Aim of the exercise: What's needed is the listing below, repeated word for word with no pictures.

Collected data:
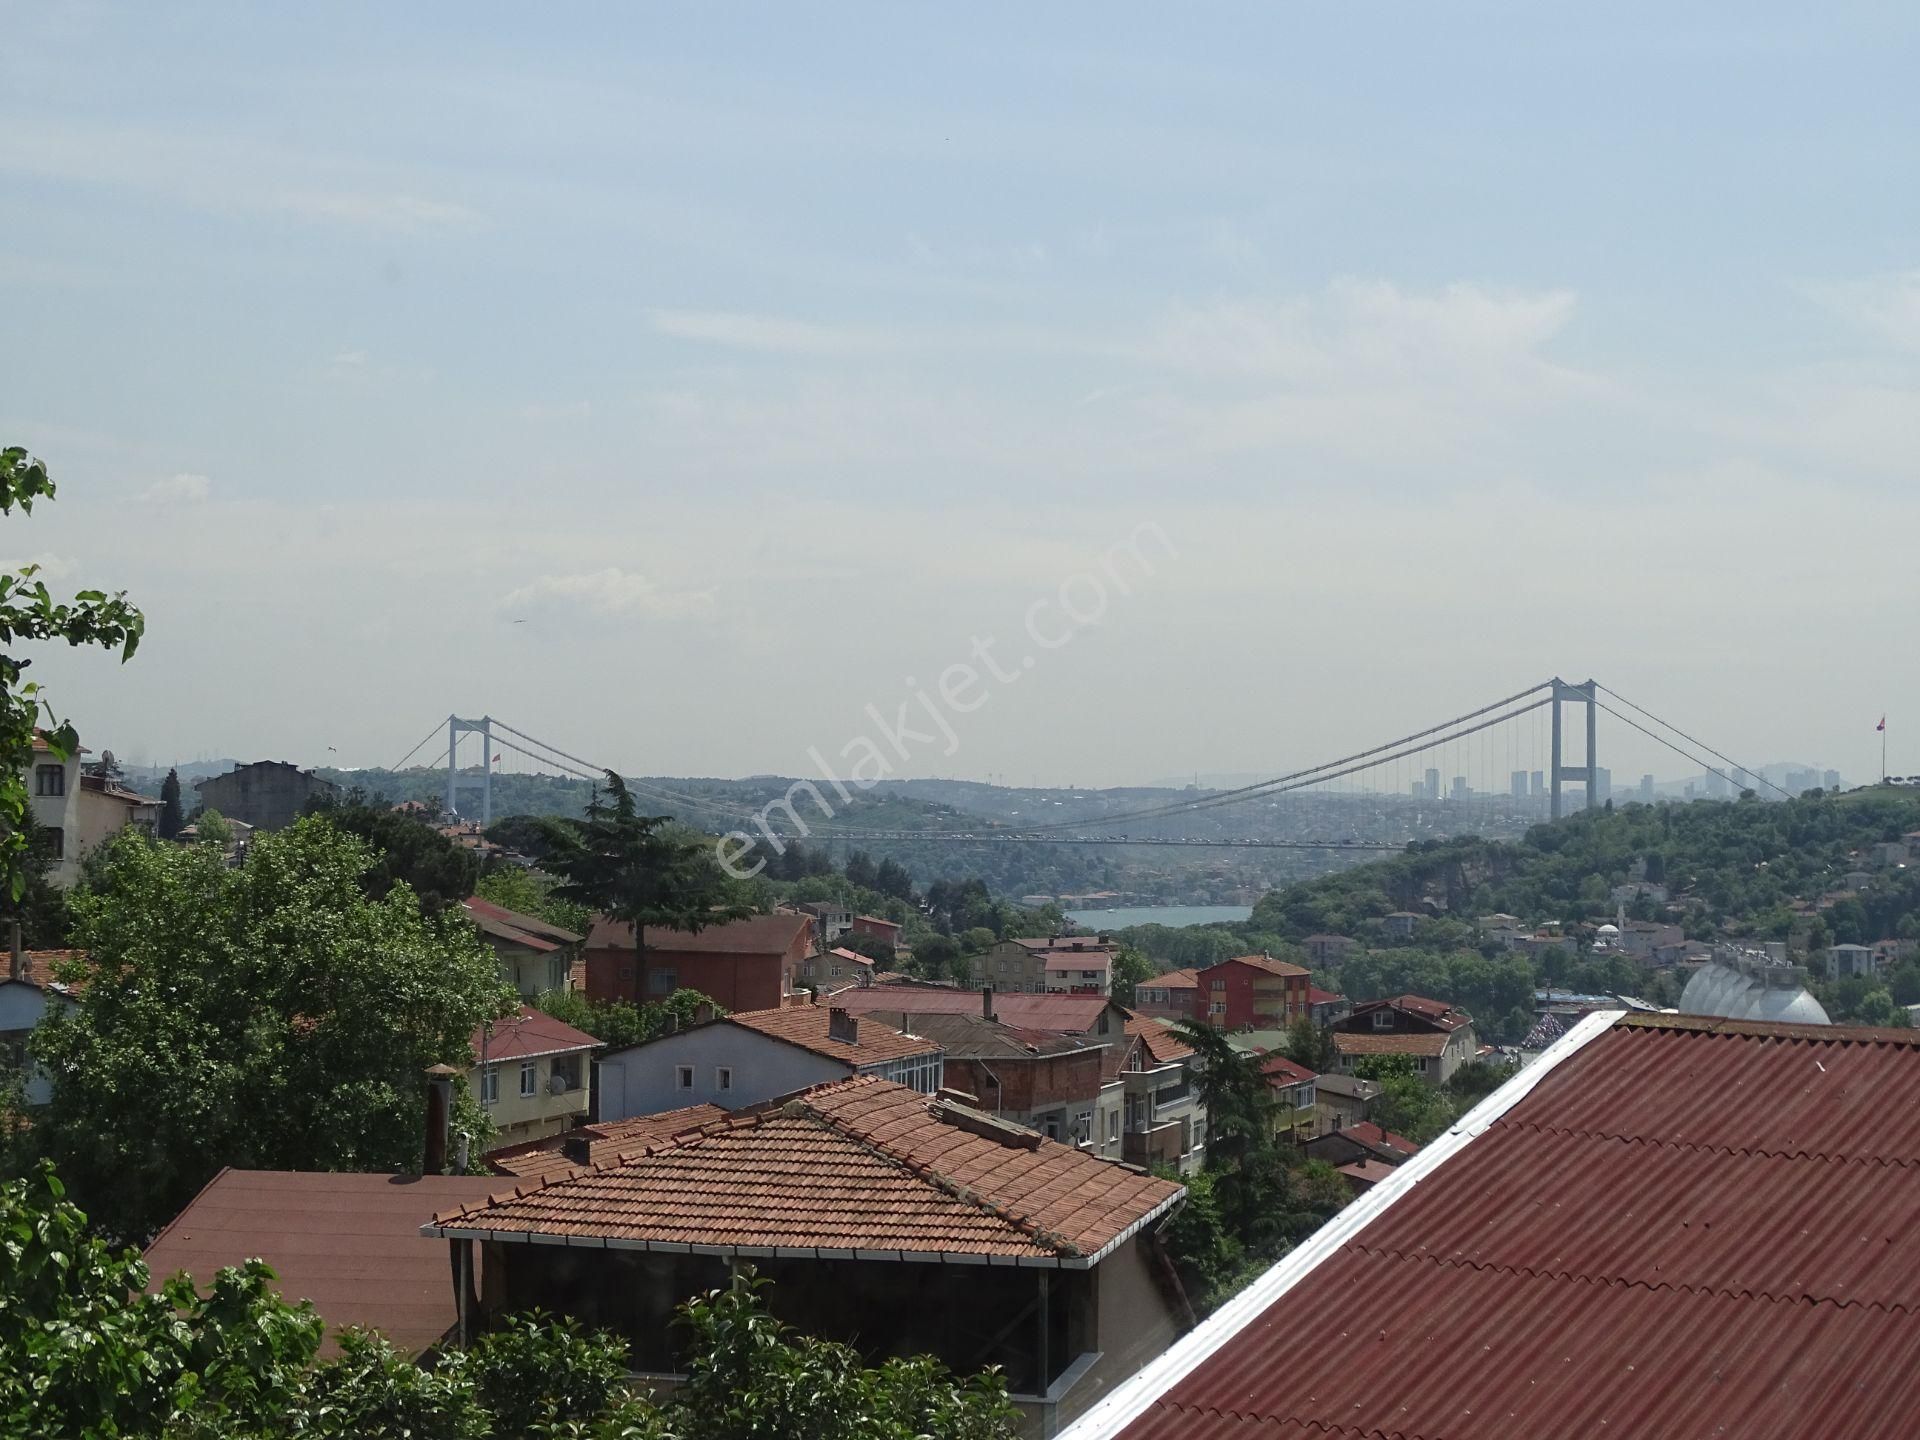 Sarıyer Reşitpaşa Kiralık Daire İstinye Parka Enka'ya Borsa İstanbul'a yakın manzaralı 2+1 daire
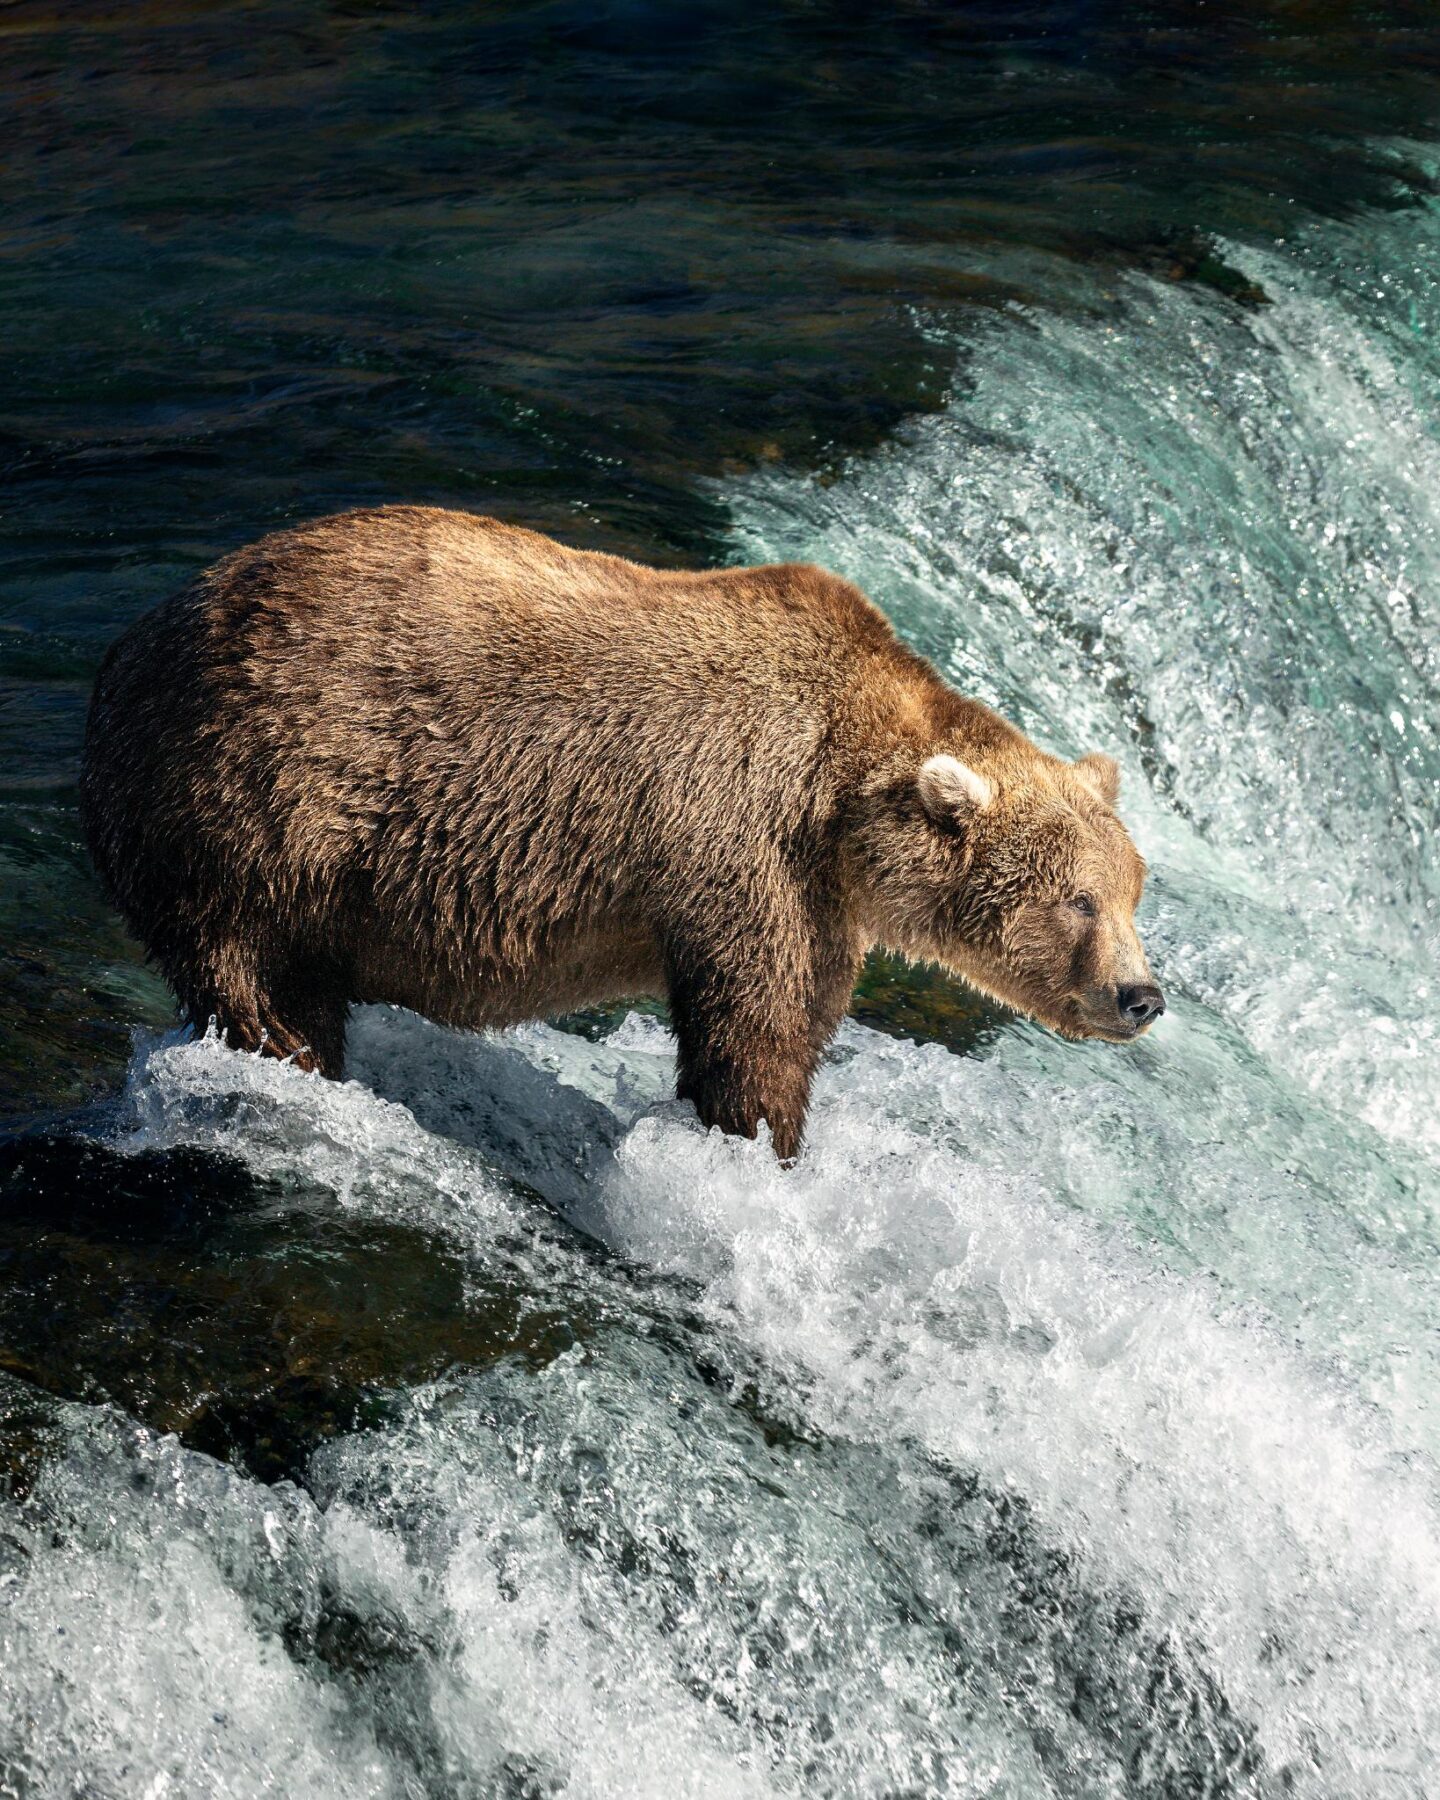 Minder bekende plekken in Amerika beer in Alaska
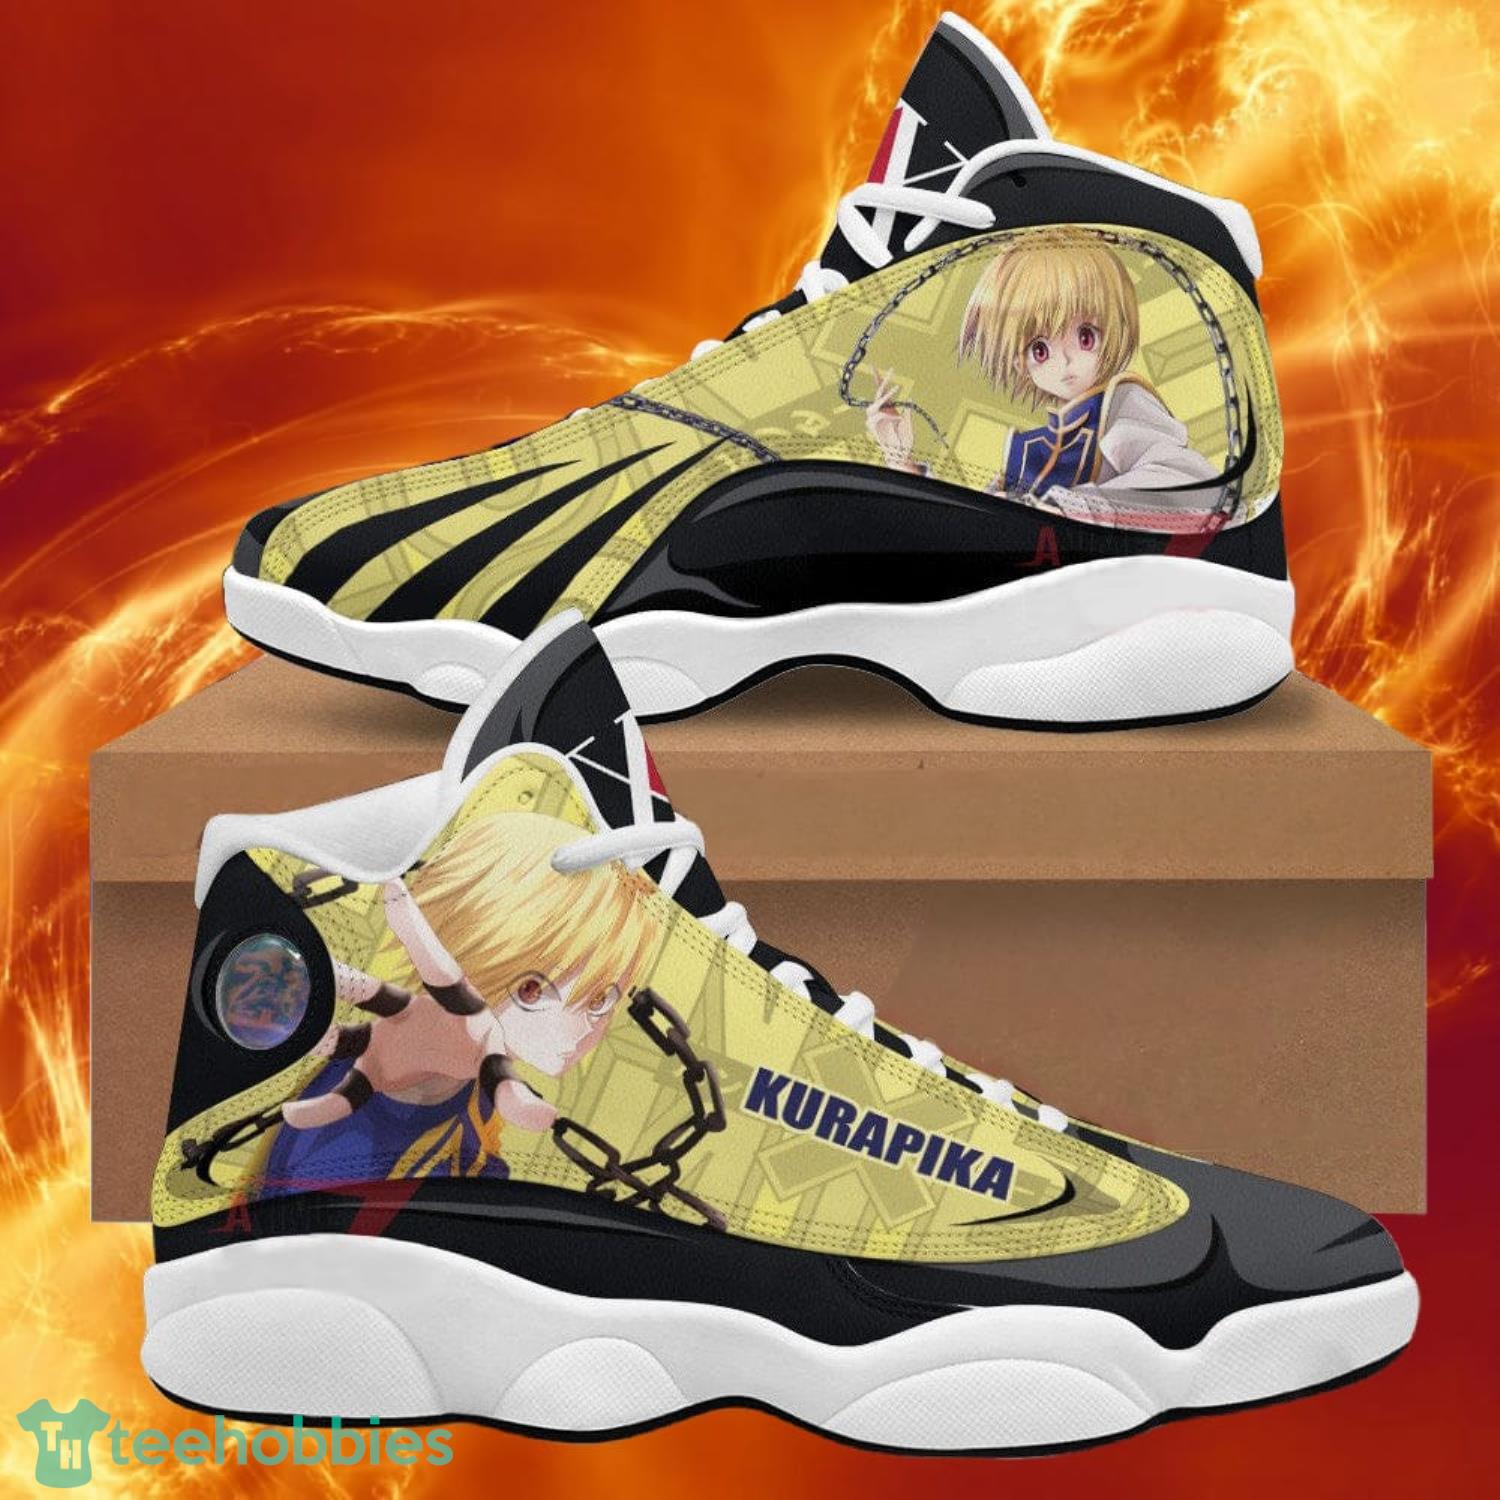 Hunter X Hunter Air Jordan 13 Sneakers Custom Kurapika Kurta Anime Shoes

Written answer:
 Sarıyer Reşitpaşa Kiralık Daire İstinye Parka Enka'ya Borsa İstanbul'a yakın manzaralı 2+1 daire
 Minder bekende plekken in Amerika beer in Alaska
 Hunter X Hunter Air Jordan 13 Sneakers Custom Kurapika Kurta Anime Shoes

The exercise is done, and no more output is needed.